More Sex Is Safer Sex

I began this book by randomly choosing a couple of chapters to browse through. The ones that I chose were concerning child labour through the ages and how it is a necessary stage in industrialisation, and how statistically, families with daughters are more likely to divorce than those with sons. These chapters were genuinely thought provoking, and filled me with a great hope that More Sex Is Safer Sex would be a great read.
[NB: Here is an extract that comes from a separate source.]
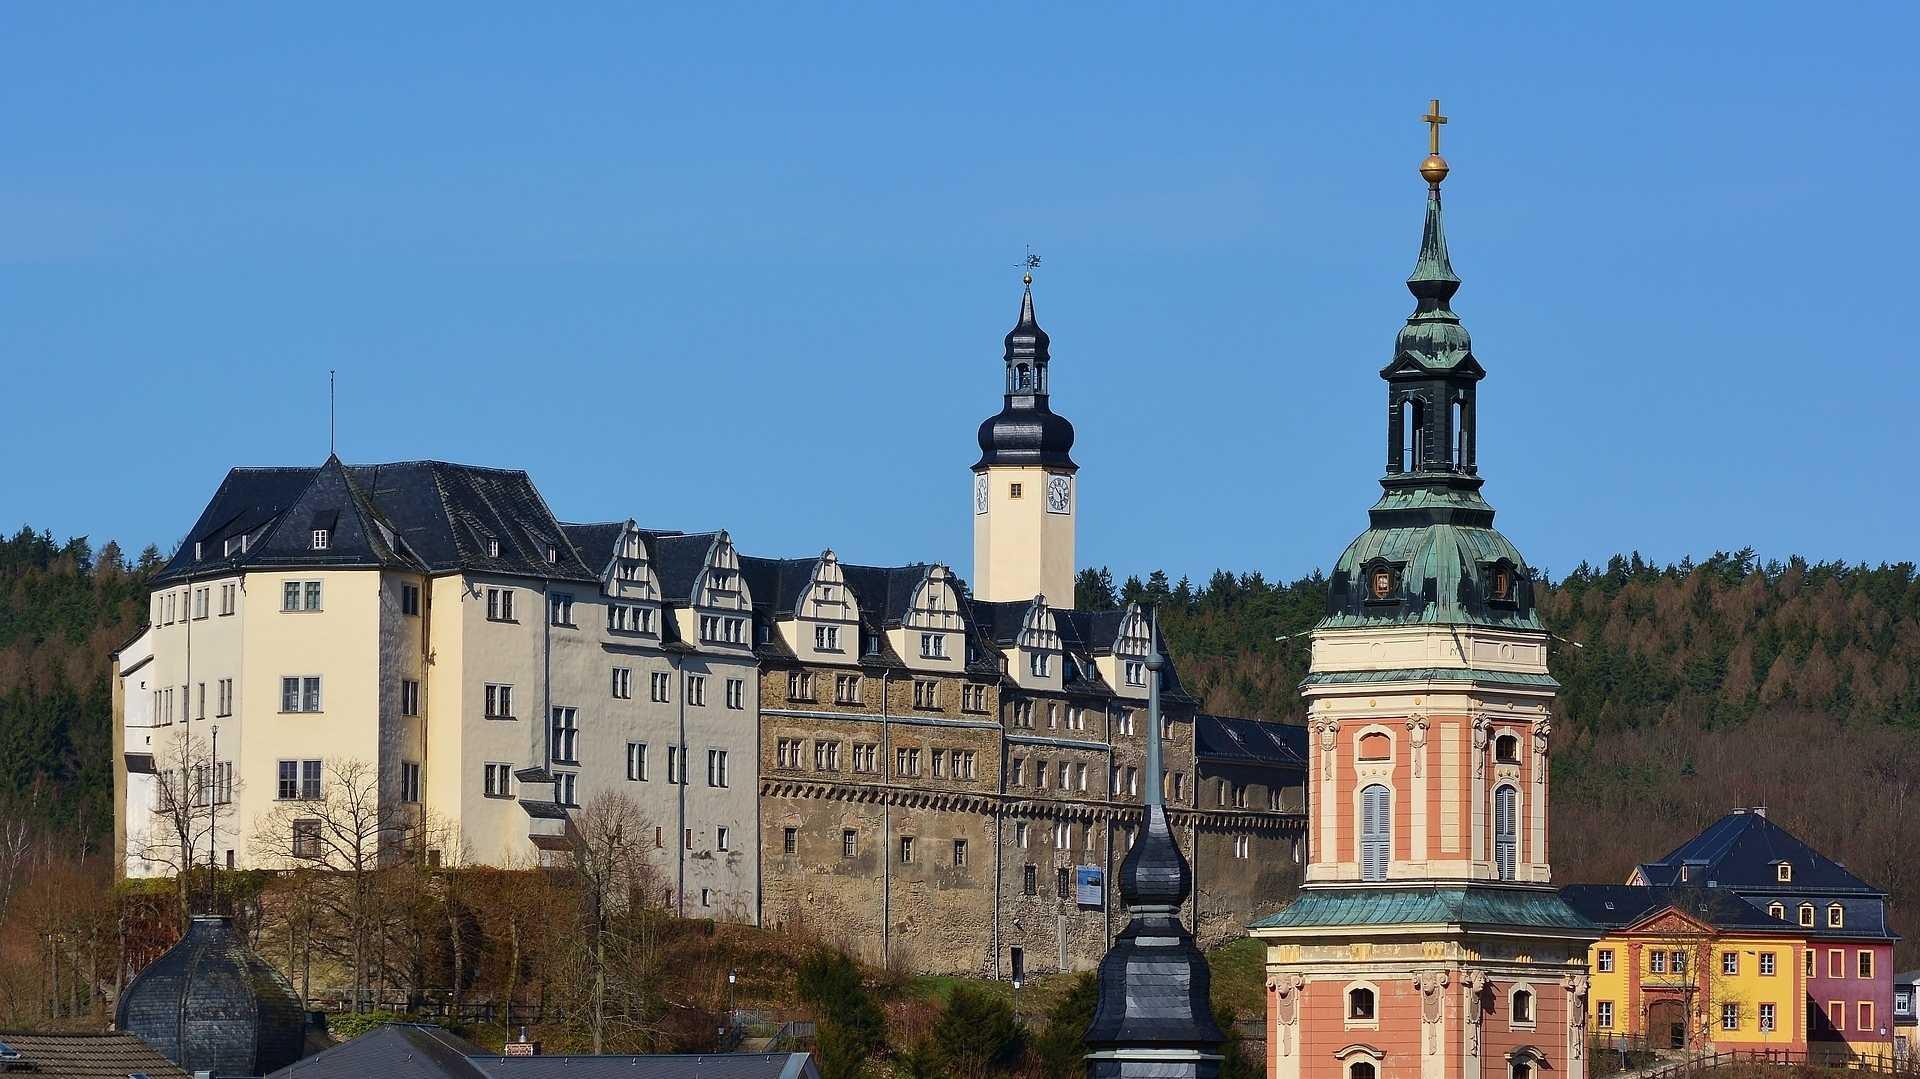 Thüringer Kultur-Tour-App seit einem Jahr verfügbar - Neue Touren

It turns out that by luck or chance, I picked some of the few interesting chapters in the book. As the book began, it was somewhat hit and miss, arguments that if more people had sex, there'd be fewer cases of AIDS (which I was willing to put my mind to and consider did make sense) tempered with ones that I found fascinating, such as how fat, ugly, short people earn less than tall or thin or attractive people. But as time went on, it seemed that ideas were being formulated just to provocative and different, such as firemen should be able to claim any property that they rescue, or that in order to make queues shorter, we should allow people to go to the front of the queue rather than the back. Some of these ideas seemed so outlandish that I questioned in my mind whether the author had been smoking crack.

Perhaps I just didn't get it. After all, in the preface the author states that 'This book will give you new insights about how the world works. Sometimes it might outrage you'. Seeking as it does to apply economics to every day life (such as cost-benefit or value), can one really take umbrage at theoretical musings? It would seem so, as two-thirds of my way through this tome I decided that the cost (2 hours or so) was not worth the benefit (reading another 100 or so pages of somewhat bollocks, tempered with the occasional thought-provoking idea), and as I had already met my value with the book ($4 from Barnes & Noble in a sale seemed to be worth the odd interesting chapter), I decided to stop.

Now that's how to apply economics to the real world!